I want to get my front row seats to be closer to the floor. I am somewhat limited on the height of the rear row riser and need to get the front row heads as low as possible... Suggestions on styles? My front row will only be 2 or 3 chairs. I don't need motorized recline or exceptionally wide bulky chairs. Might even go for a love seat style single unit. The center of the first row will be the primary viewing seat.

Thanks


----------



## RSH

Check the Berkline 12006 - these are the smallest chairs the Berkline makes with only 38.5" high back...


----------



## patchesj

Are those still a current model? I can't find much regarding the floor to seat bottom dimension. Didn't you have a power buy on that model before?


----------



## RSH

This is a current model: http://www.rtheaters.com/specials/Berkline12006.html

The Berkline does not publish the specs on that, but this is the smallest Home Theater recliner you will be able to find regardless of the manufacturer.


----------



## Keypadman

Seatcraft Rialto series.. Has a front row seat that is lower to the floor. They actually have a second row and a rear row all with different heights.. Not a bad seat or price.


----------



## myc52002

The Lazy Boy Matinee seats have a low seat height. I think about 38". Had a set myself at one point. They are a bit expensive in my opinion but they are very well made.


----------



## patchesj

The Rialto looks like it might be the ticket. Those front row seats look LOW..


----------



## Mark Techer

I bought a low back seats (so there is no head rest to interfere with hearing surround sound - see THX Demo Disc II on that) and pulled the feet off them. Now they are only 12" high (the part where you actually sit) instead of 16". My back row is elevated by a 12" riser and it is working out quite well for me.


----------



## patchesj

Mark Techer said:


> I bought a low back seats (so there is no head rest to interfere with hearing surround sound - see THX Demo Disc II on that) and pulled the feet off them.
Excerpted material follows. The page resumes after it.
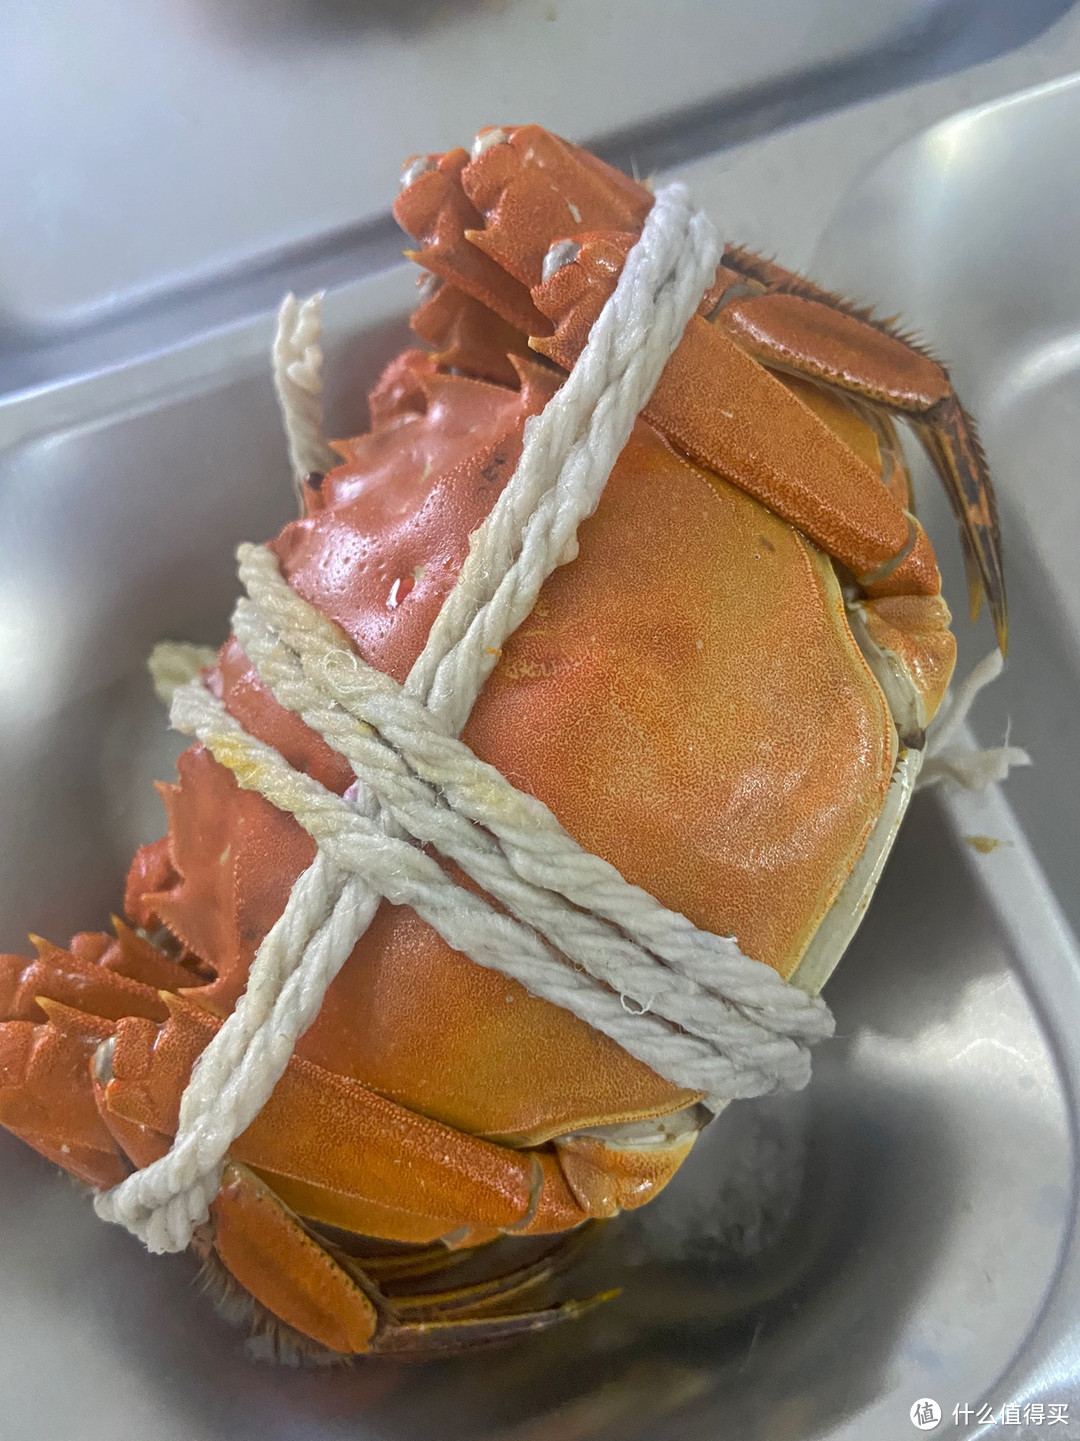 作为江南地区的特色美食之一，大闸蟹除了口感鲜美之外，还具有丰富的营养价值和健康功效。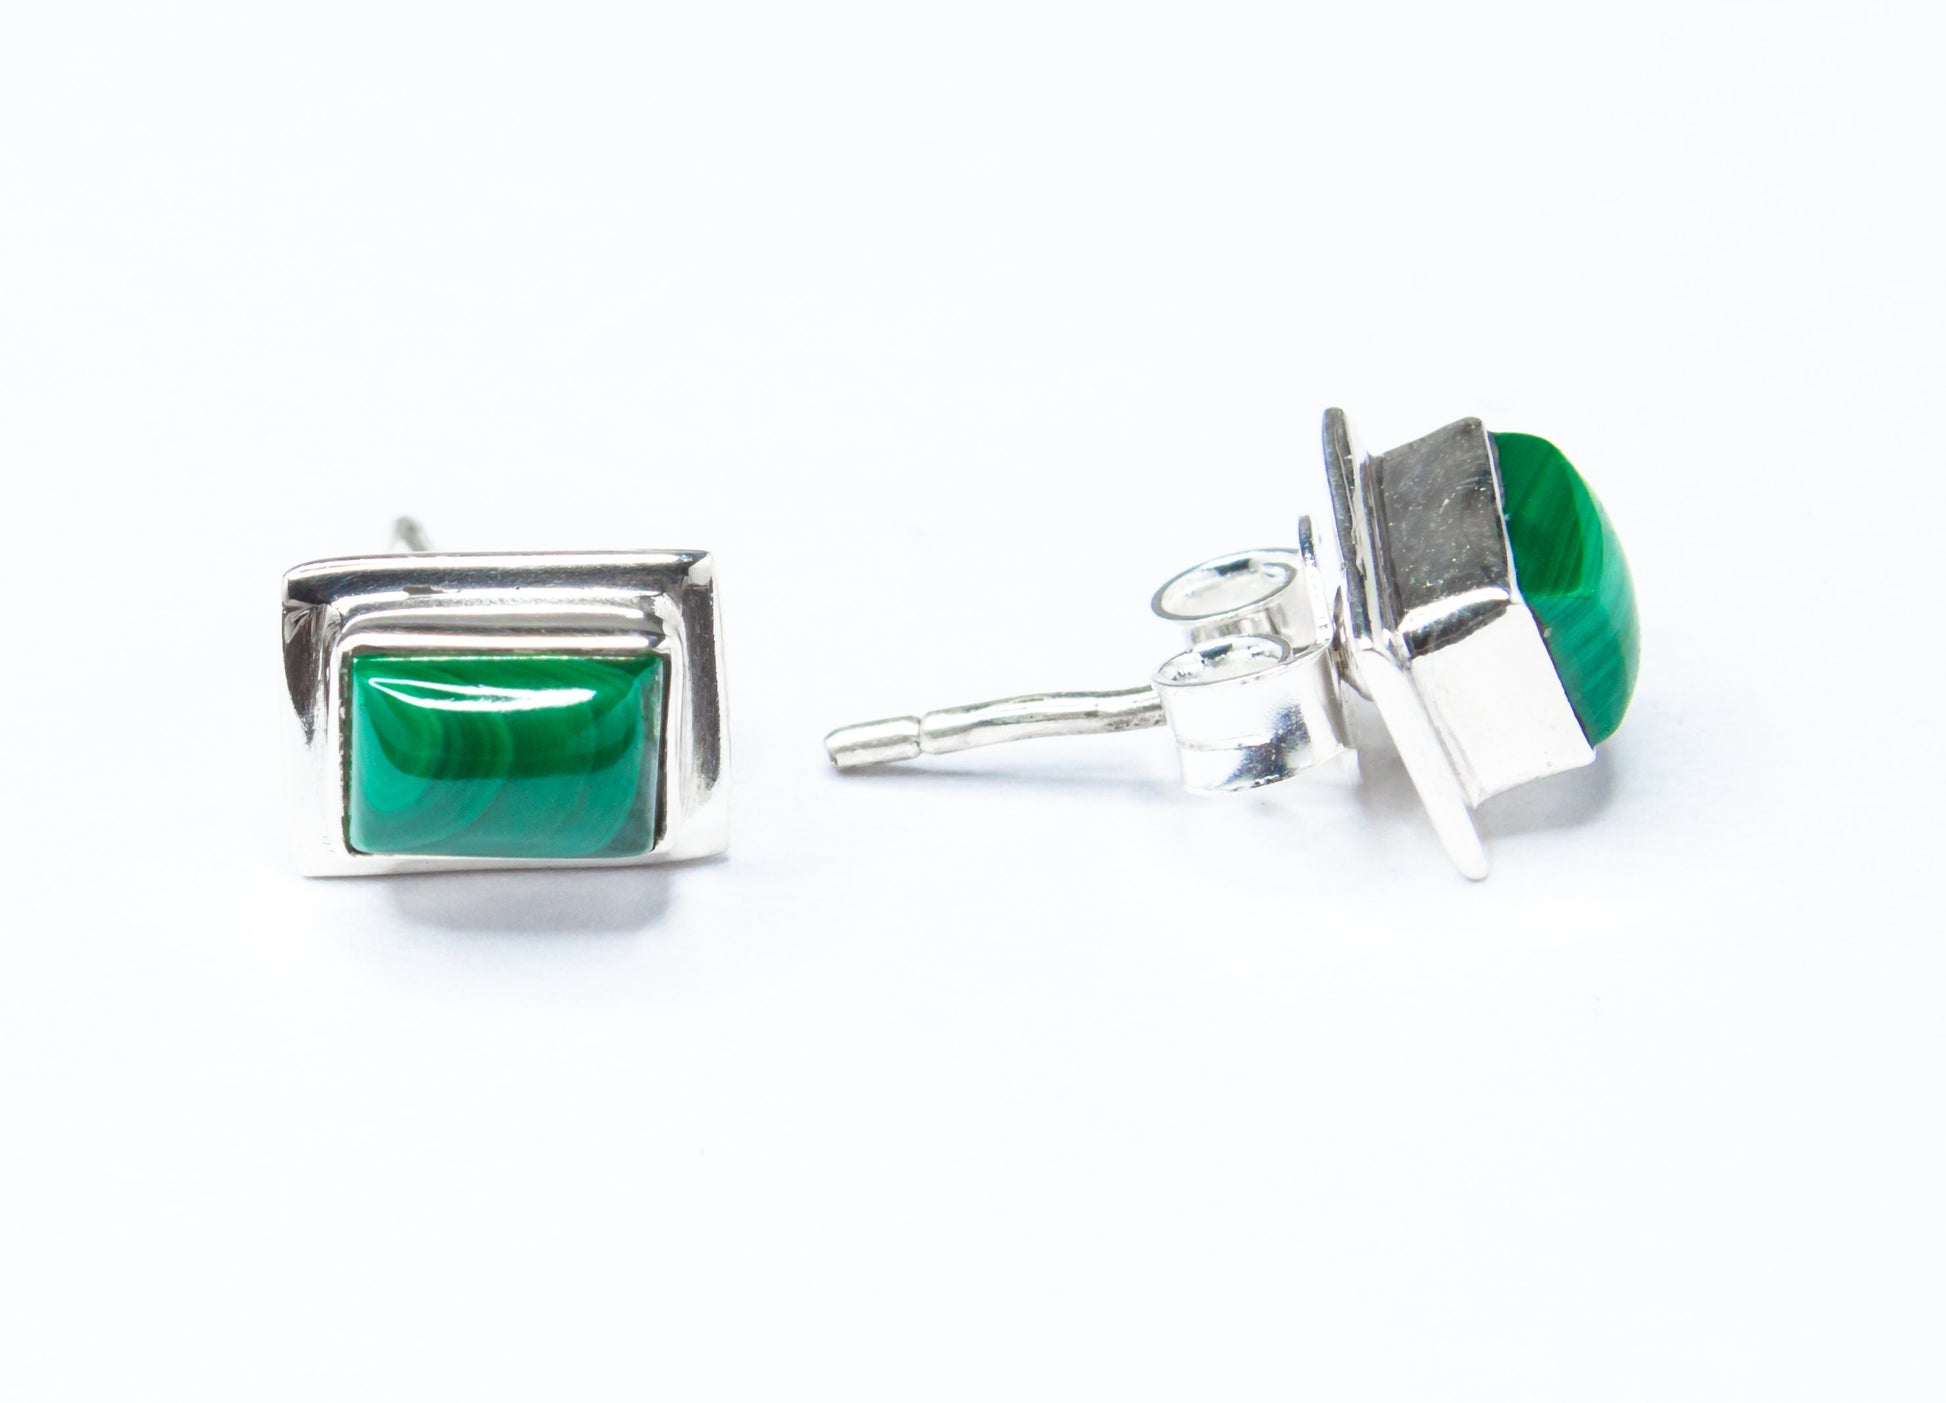 Green Malachite Stud Earrings, Minimalist Green Silver Earrings, 925 Silver, Rectangle Shaped Stud Earrings, Textured Green, Australia, Zorbajewellers

Now they are only 12" high (the part where you actually sit) instead of 16". My back row is elevated by a 12" riser and it is working out quite well for me.


What seats did you get?

I'm having a hard time finding measurements from the floor to the seat bottom, so I can calculate where the persons head might end up. the measurement to the top of the back doesn't help much if it's a 30" tall or 15" tall back...

Thanks!!


----------



## Mark Techer

patchesj said:


> What seats did you get?
> 
> I'm having a hard time finding measurements from the floor to the seat bottom, so I can calculate where the persons head might end up. the measurement to the top of the back doesn't help much if it's a 30" tall or 15" tall back...
> 
> Thanks!!


I got these from "Office Works". They are similar (if not the same) as those used in some doctor's waiting rooms. despite the low back, I find them quite comfortable and have watched 2 films back to back without issue.

Sorry I don't seem to have a better photo of the seating.


----------